Imperfect substitutability of assets implies that changes in the supplies of various assets available to private investors may affect the prices and yields of those assets. Thus, Federal Reserve purchases of mortgage-backed securities (MBS), for example, should raise the prices and lower the yields of those securities; moreover, as investors rebalance their portfolios by replacing the MBS sold to the Federal Reserve with other assets, the prices of the assets they buy should rise and their yields decline as well. Declining yields and rising asset prices *ease overall financial conditions* and stimulate economic activity through channels similar to those for conventional monetary policy. Following this logic, Tobin suggested that purchases of longer-term securities by the Federal Reserve during the Great Depression could have helped the U.S. economy recover despite the fact that short-term rates were close to zero, and Friedman argued for large-scale purchases of long-term bonds by the Bank of Japan to help overcome Japan's deflationary trap. 

Large-scale asset purchases can influence financial conditions and the broader economy through other channels as well. For instance, they can signal that the central bank intends to pursue a persistently more accommodative policy stance than previously thought, thereby lowering investors' expectations for the future path of the federal funds rate and putting additional downward pressure on long-term interest rates, particularly in real terms. Such signaling can also increase household and business confidence by helping to diminish concerns about "tail" risks such as deflation. During stressful periods, asset purchases may also improve the functioning of financial markets, thereby *easing credit conditions* in some sectors.

With the space for further cuts in the target for the federal funds rate increasingly limited, in late 2008 the Federal Reserve initiated a series of large-scale asset purchases (LSAPs). In November, the FOMC announced a program to purchase a total of $600 billion in agency MBS and agency debt. In March 2009, the FOMC expanded this purchase program substantially, announcing that it would purchase up to $1.25 trillion of agency MBS, up to $200 billion of agency debt, and up to $300 billion of longer-term Treasury debt. These purchases were completed, with minor adjustments, in early 2010. In November 2010, the FOMC announced that it would further expand the Federal Reserve's security holdings by purchasing an additional $600 billion of longer-term Treasury securities over a period ending in mid-2011. 

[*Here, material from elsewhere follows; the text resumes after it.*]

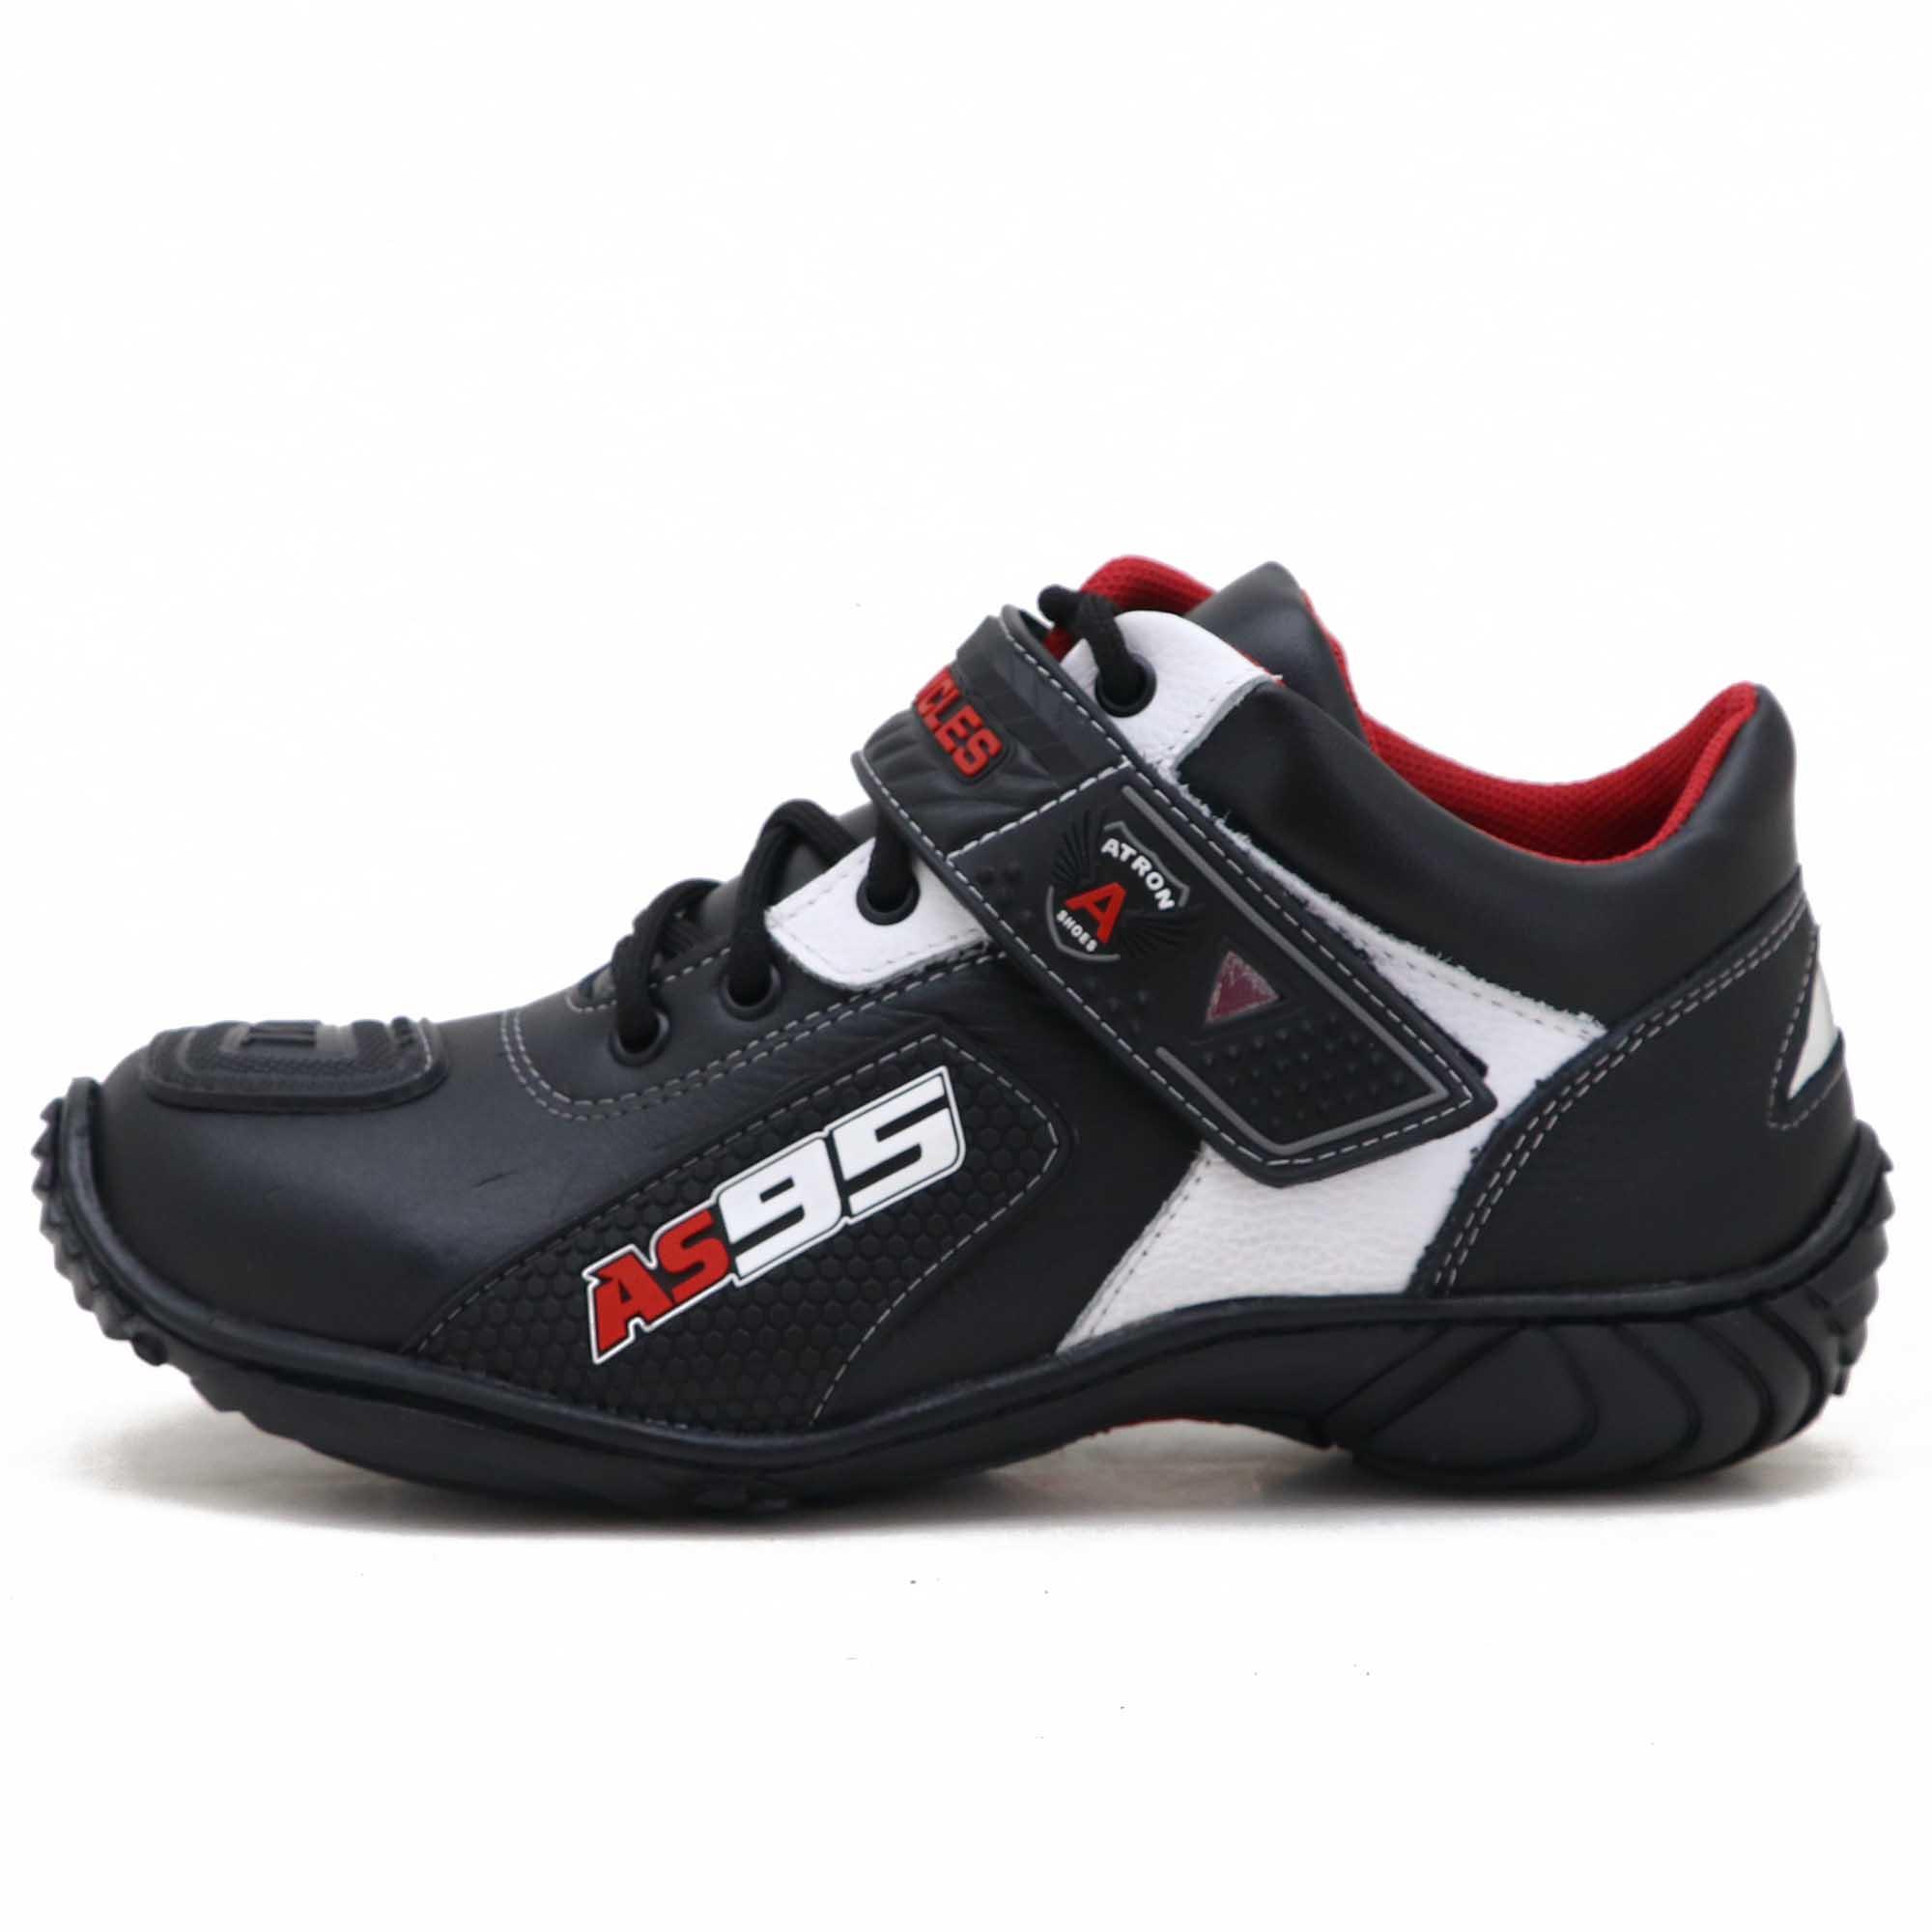 Tênis motociclista AS95 de couro legítimo nas cores preto com branco 403

About a year ago, the FOMC introduced a variation on its earlier purchase programs, known as the maturity extension program (MEP), under which the Federal Reserve would purchase $400 billion of long-term Treasury securities and sell an equivalent amount of shorter-term Treasury securities over the period ending in June 2012. The FOMC subsequently extended the MEP through the end of this year. By reducing the average maturity of the securities held by the public, the MEP puts additional downward pressure on longer-term interest rates and further *eases overall financial conditions*.

How effective are balance sheet policies? After nearly four years of experience with large-scale asset purchases, a substantial body of empirical work on their effects has emerged. Generally, this research finds that the Federal Reserve's large-scale purchases have significantly lowered long-term Treasury yields. For example, studies have found that the $1.7 trillion in purchases of Treasury and agency securities under the first LSAP program reduced the yield on 10-year Treasury securities by between 40 and 110 basis points. The $600 billion in Treasury purchases under the second LSAP program has been credited with lowering 10-year yields by an additional 15 to 45 basis points. Three studies considering the cumulative influence of all the Federal Reserve's asset purchases, including those made under the MEP, found total effects between 80 and 120 basis points on the 10-year Treasury yield. These effects are economically meaningful.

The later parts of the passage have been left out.